Lutte contre l’islamisme : Macron va s’appuyer sur… le CFCM

Le président de la République compte bien faire du Conseil Français du culte musulman “un partenaire majeur” dans sa lutte contre le communautarisme et l’islam radical.

A côté de la plaque. Prévu pour la première quinzaine de février, le plan de lutte contre le communautarisme mené par Emmanuel Macron se fait attendre. Mais le président de la République pourrait avoir accéléré sur le sujet, comme le rapporte Le Figaro. En effet, il a notamment décidé de s’allier, pour ce combat, avec… le Conseil Français du culte musulman (CFCM), dont il souhaite faire « un partenaire majeur ». Problème, ce dernier traverse une profonde crise de crédibilité.

Impact moindre, déclarations controversées…

Le dernier exemple en date concerne l’affaire Mila. Alors que la jeune fille a été menacée de mort pour avoir critiqué l’islam, le délégué général de l’association Abdallah Zekri s’était fendu d’une déclaration scandaleuse sur Sud Radio. S’il a « condamné » les insultes et menaces qu’a reçu la lycéenne, il a aussi expliqué que « cette fille, elle sait ce qu’elle a dit, elle a pris ses responsabilités ». « Qu’elle critique les religions, je suis d’accord, mais d’une vulgarité pareille, d’insulter et tout ce qui s’en suit et bien maintenant elle assume les conséquences de ce qu’elle a dit », a-t-il poursuivi, avant d’ajouter : « Elle l’a cherché, elle assume ». De plus, comme le rappelle Le Figaro, le CFCM, créé en 2003 par Nicolas Sarkozy, est en réelle perte de vitesse. En témoigne notamment la très faible participation des mosquées à l’élection du nouveau président, à la mi-janvier.

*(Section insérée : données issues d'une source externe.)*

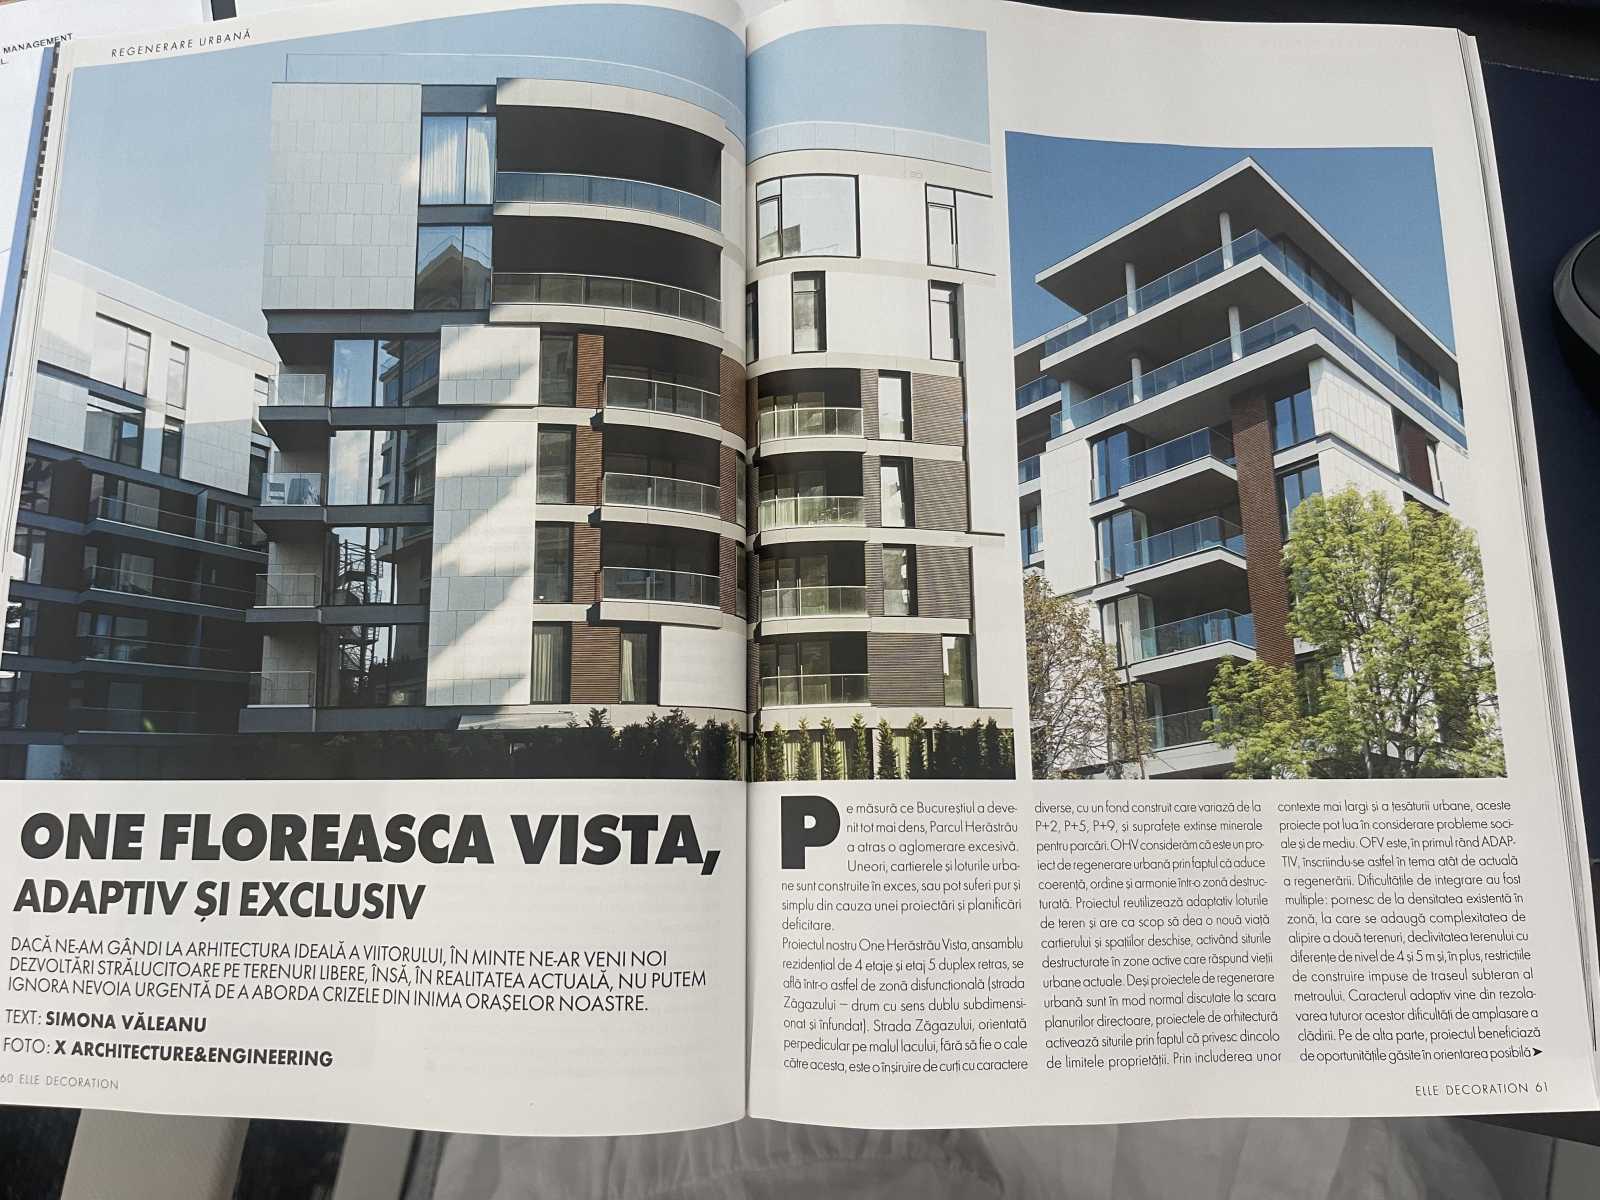 One Floreasca Vista, in the latest issue of ELLE Decoration magazine1

L’association aura-t-elle donc un réel impact ?

Relier radicalisation, communautarisme et islam de France

Néanmoins, Emmanuel Macron semble avoir pris la mesure du problème. Alors qu’il tenait avant tout à éviter « l’amalgame » en faisant bien la différence entre la radicalisation, le communautarisme et l’islam de France, le chef d’Etat pourrait avoir revu sa copie. « Le président assume désormais de travailler en réarticulant la lutte contre la radicalisation, l’endiguement du communautarisme et la structuration de l’islam en France », confie l’un de ses interlocuteurs réguliers sur le sujet au Figaro. Si bien que les ministres de l’Intérieur, des Collectivités territoriales, de l’Education nationale, de la Santé ou encore des Sports, tous mobilisés sur le sujet, en arrivent enfin à la même conclusion : « il existe bel et bien des interdépendances et des passerelles » entre ces trois sujets. Néanmoins, le terme de « communautarisme »pourrait bien être banni des éléments de langage, comme le souligne le quotidien. En effet, le président lui préférerait celui de « séparatisme ».